Бахтияревич промолчал, и разговор двух невидимых собеседников на мгновение осекся.
В прозрачной глубине безоблачного неба над черными горами взошел обломок ущербного месяца. Белая плита с турецкой надписью на приподнятой части ограды вдруг засветилась тусклым квадратом слабо освещенного окна, глядевшего в синюю тьму.
Бахтияревич снова что-то говорил, но из его еле слышной речи до Стиковича и Гласинчанина на сей раз долетали лишь отдельные бессвязные слова. Неожиданные ассоциации, столь свойственные юности, как видно, изменили тему разговора. И, перейдя с проблемы изучения восточных языков к надписи на белой плите, разговор обратился затем к мосту и личности его создателя.
И снова выделился выразительный и сильный голос Галуса. Воспользовавшись похвалой Бахтияревича по адресу Мехмед-Паши Соколовича и тогдашних турецких властей, возводивших подобные грандиозные сооружения, Галус с воодушевлением пустился развивать свои национально-социальные взгляды на прошлое и будущее народа, а также на его культуру и цивилизацию. (В этих гимназических дискуссиях каждый следует течению собственной мысли.)
— Ты совершенно прав, — ораторствовал Галус. Мехмед-паша был гениальной личностью. И он не первый и не последний из наших братьев по крови, выдвинувшихся на службе у иноземных владык. Сколько сотен талантов, государственных деятелей, полководцев, художников подарили мы Стамбулу, Риму, Вене. Объединение наших народностей в единое, большое и мощное современное национальное государство в первую очередь и предполагает, что все национальные силы останутся в родной стране, получат развитие на местной почве и будут вносить вклад в общечеловеческую культуру под своим именем, а не из центров чужеродных цивилизаций.
— По-твоему, эти «центры» возникли случайно и новые могут быть созданы произвольно, где кто пожелает?
— Случайно или нет — сейчас вопрос не в этом; неважно, как они возникли, важно, что они сегодня приходят в упадок, что они отжили, деградируют и должны уступить место новым центрам цивилизации, где получат свободное и непосредственное развитие молодые освобожденные народы, только выходящие на арену истории.
— Не думаешь ли ты, что Мехмед-паша Соколович, оставшись в горах, в своих Соколовичах, мог бы стать тем, кем он стал, и наряду с прочим возвести этот мост, на котором мы с тобой сейчас беседуем?
— В те времена, конечно, нет.
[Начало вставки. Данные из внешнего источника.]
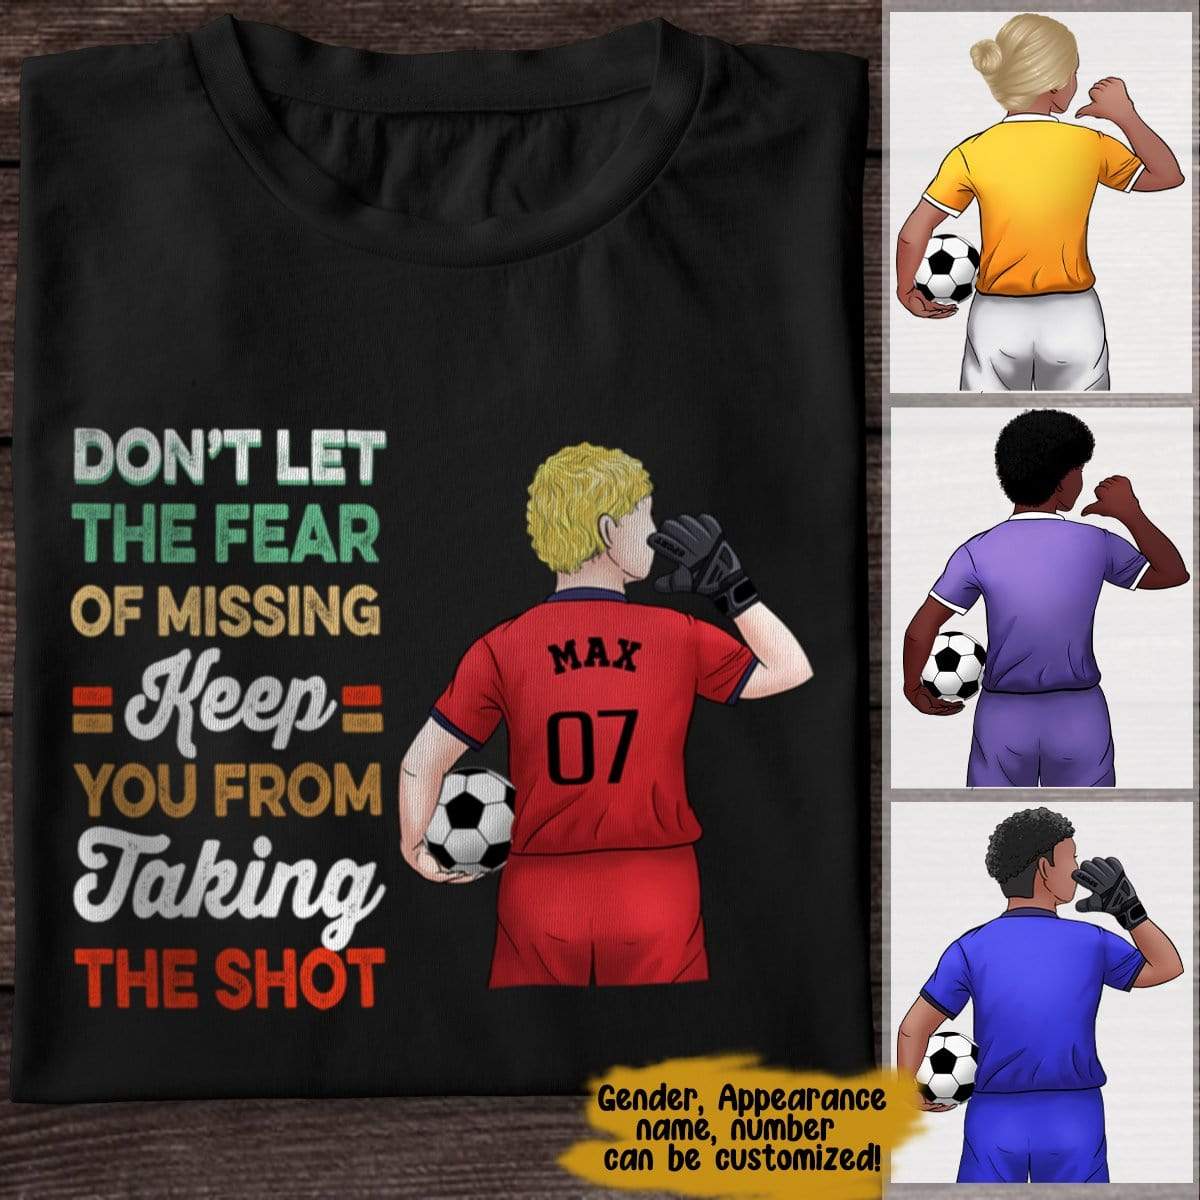 GeckoCustom Don't Let The Fear Keep You From Taking The Shot Soccer Shirt Premium Tee / P Black / S

Но в конце концов Стамбулу не так уж тяжело было возводить подобные сооружения, он и у нас, и у великого множества других покоренных народов отнимал не только достояние и труд, но и лучшие наши людские силы, отборную кровь. Бели вспомнить, сколько отнято у нас в течение столетий, все эти постройки покажутся, право же, мизерными. И лишь добившись раз и навсегда свободы и государственной независимости, мы сможем располагать всеми богатствами наших людских и материальных ресурсов и употребить их на подъем культуры, национальной по духу и преследующей своей единственной целью счастье и благосостояние самых широких слоев нашего народа.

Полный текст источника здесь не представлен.